Matt Pfahlert, co-founder and chief executive officer of the Australian Centre for Rural Entrepreneurship, prefaced his keynote address on day two of the summit by stating that Australia has some catching up.
“It just warms my heart to come here and have my cup filled that what you have in terms of the engagement with government is possible for us too,” he said.
“We’re here to talk about community-led rejuvenation, and really it’s a concept still in our country, and what we’re doing is just building out proof points for it because it’s a bit scary for people, particularly government, needing to let go.”
“We know that our institutions, our governments and our well-meaning corporations have been good at solving complicated problems when there is one solution that is known, but what do we do when there are five or ten levers that we need to activate simultaneously?” he said.

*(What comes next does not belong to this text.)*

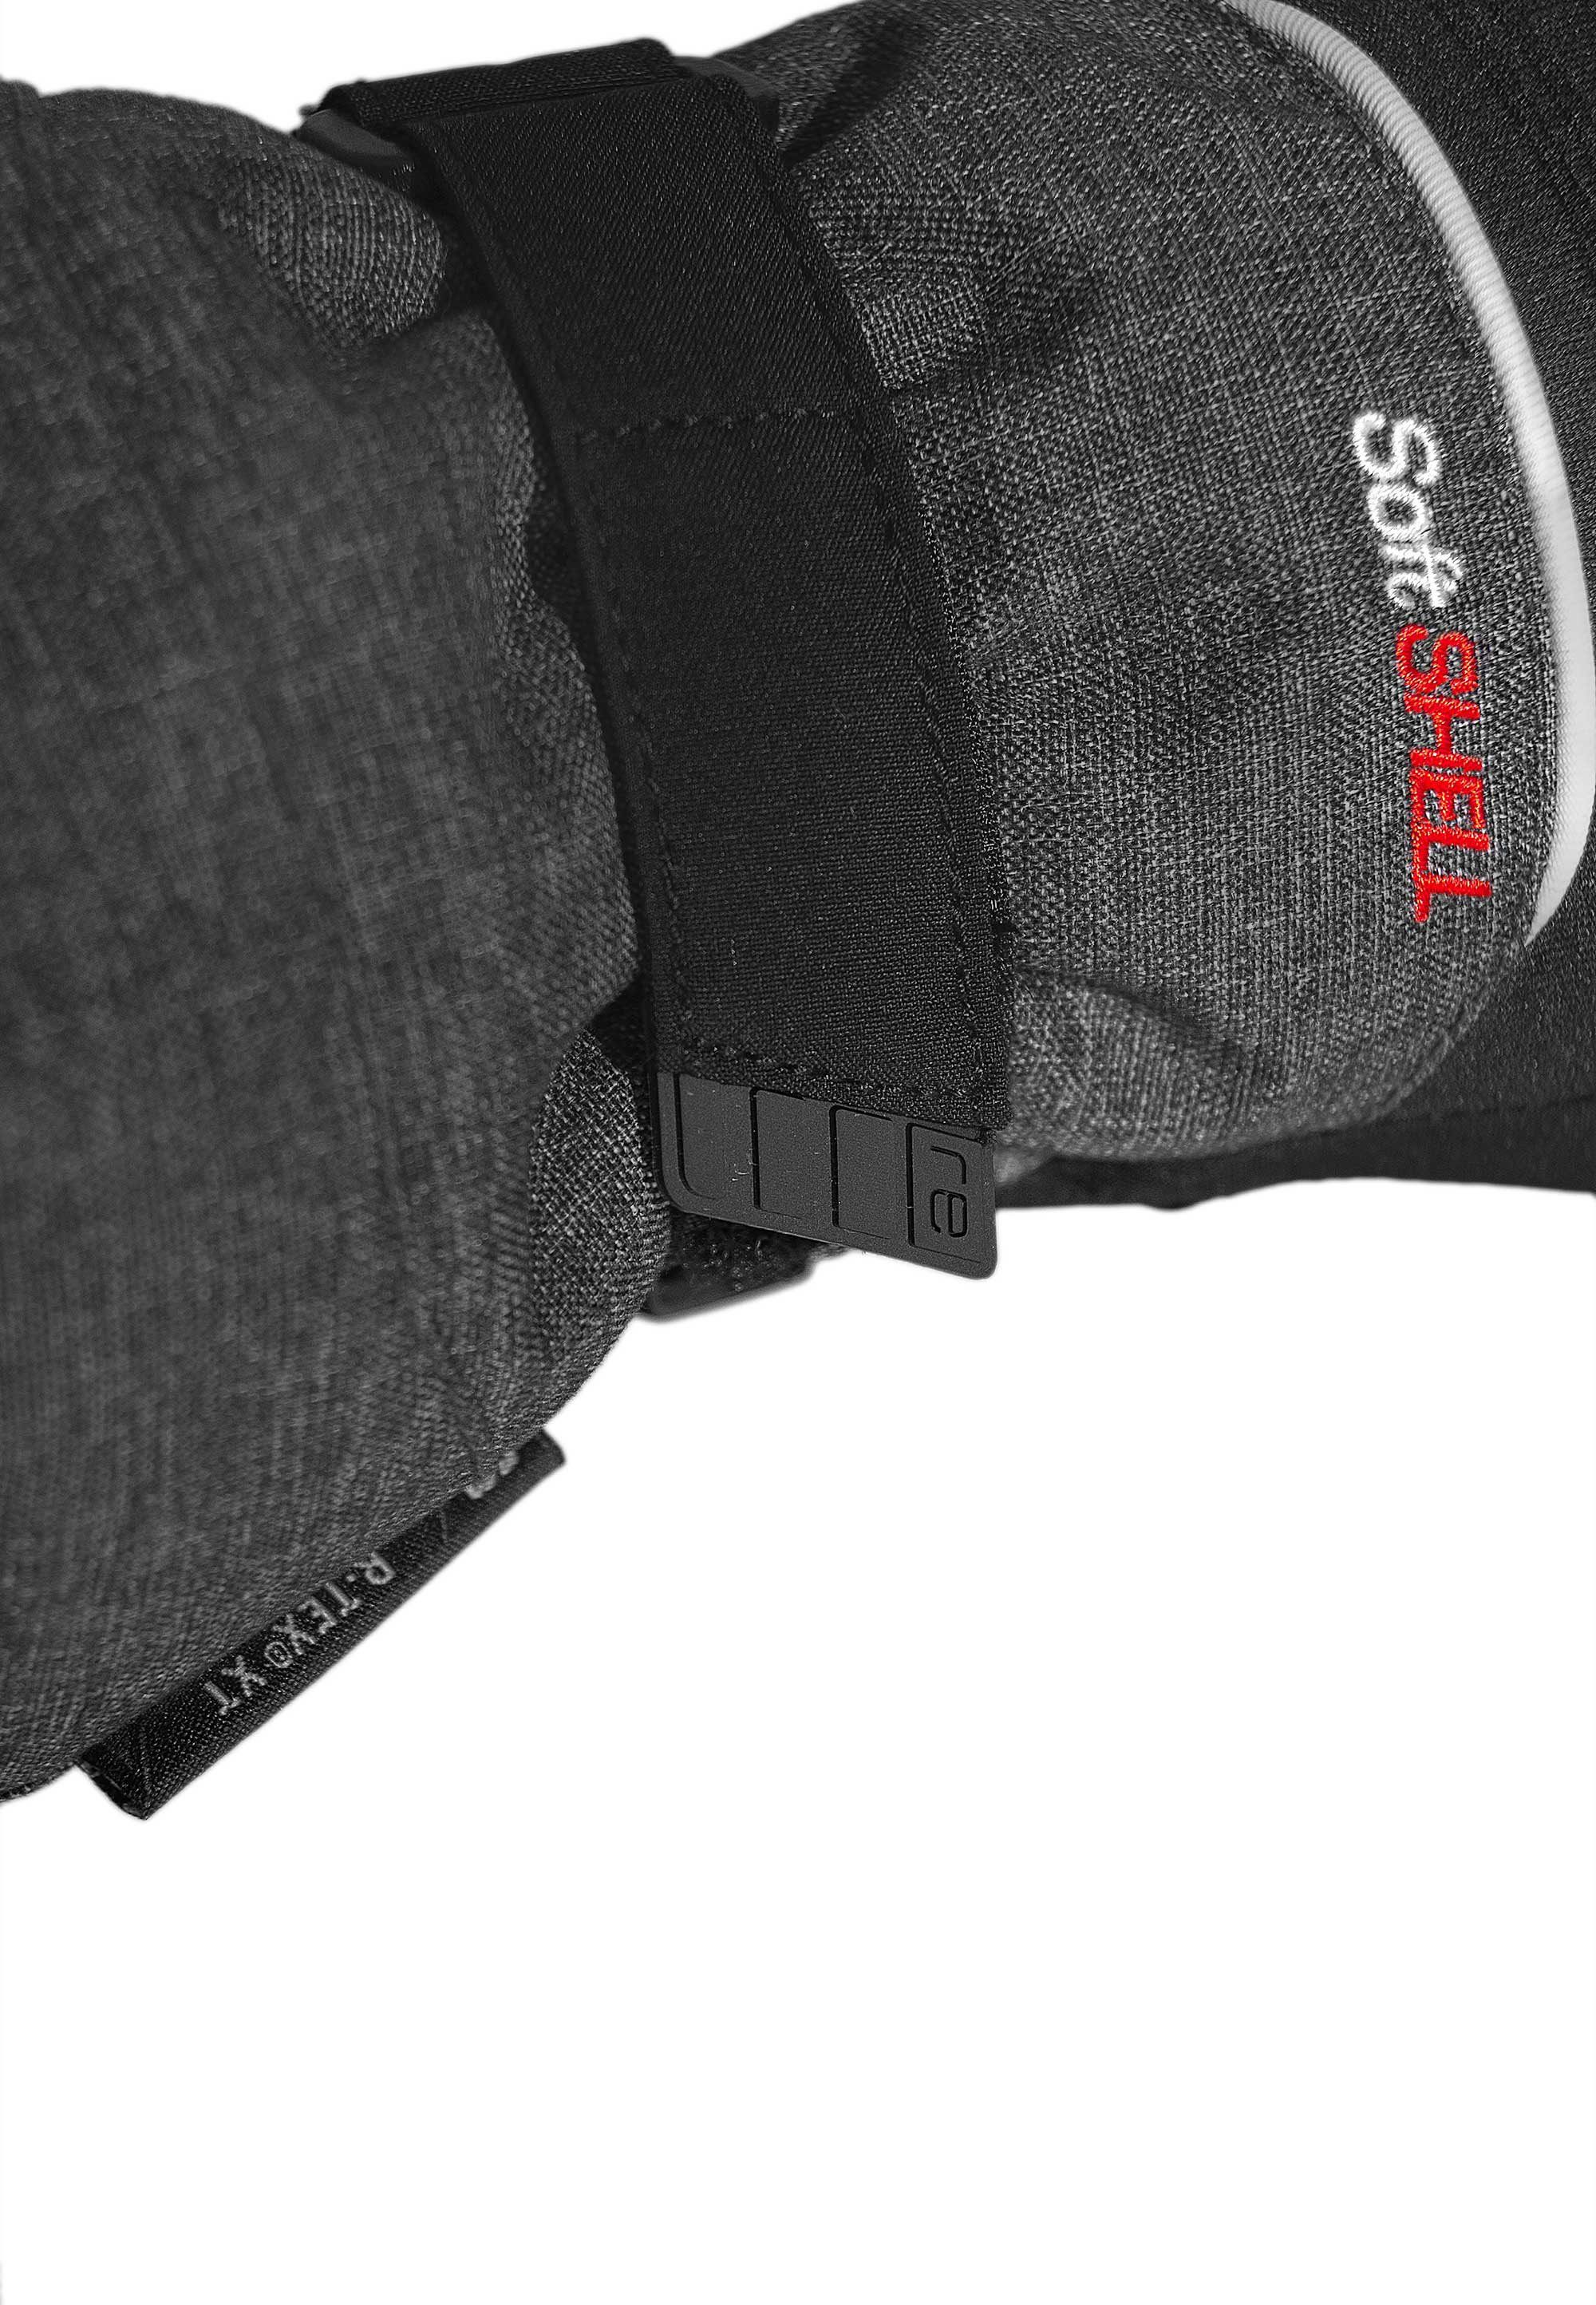 Junior R-TEX® Fäustlinge schwarz-grau Insert-Membran Mitten mit innovativer XT Kondor Reusch

Building trusting relationships grounded in the local context is vital to the future well-being of communities, particularly in rural settings far from the halls of power, Pfahlert explained.
“What this is all about — community-led — is all about going, ‘Well, let’s just stop this dependency mindset,’” he said.
“How do we make it easy for government to deal with us, how do we de-risk it, and how do we just crack on — we find ourselves on the receiving end of having to compete for scraps, and it’s exhausting and fatiguing, and it’s traumatizing.”
He said Pfahlert’s Shangri-La exists where social enterprise is entirely unremarkable because everyone is doing it.
“That’s the model that puts people and the planet in front of person and profits.”
Beatrice Alain, executive director of Chantier de l’Économie Sociale, beamed into the summit via video conference on the third day and spoke candidly about Quebec’s experience building the social impact ecosystem.
Alain described how collective enterprises — enterprising non-profits and co-operatives — have been an important part of Quebec’s economic, social and territorial development history.
“Often, the community would come together to do things that the state or the market is not serving — to maintain pertinent services or redevelop certain areas,” she said. “I think that’s the case in many different parts of Canada, particularly rural development.”
The executive director pointed out the social economy involves very different people in managing enterprises than private enterprises, so different outcomes result.
“They make more innovative choices, which makes them both more resilient and have more impact in the community,” Alain said. “But also sometimes [they are] more complicated to fit within government policy or financing available at the corner bank.”
A hypothetical example of a food bank that also operates a restaurant and a catering service whose profits are reinvested back into the food bank highlights the difficulty some enterprises face when trying to fit into existing programs or financing schemes, she said.
“These enterprises have a higher survival rate than private enterprises,” Alain said. “We’ve talked sometimes about ‘too big to fail’; these are ‘too important to fail’ — when you meet defined needs by the community and when you’re supported by community, that community oftentimes finds ways for you to survive through thick and thin.”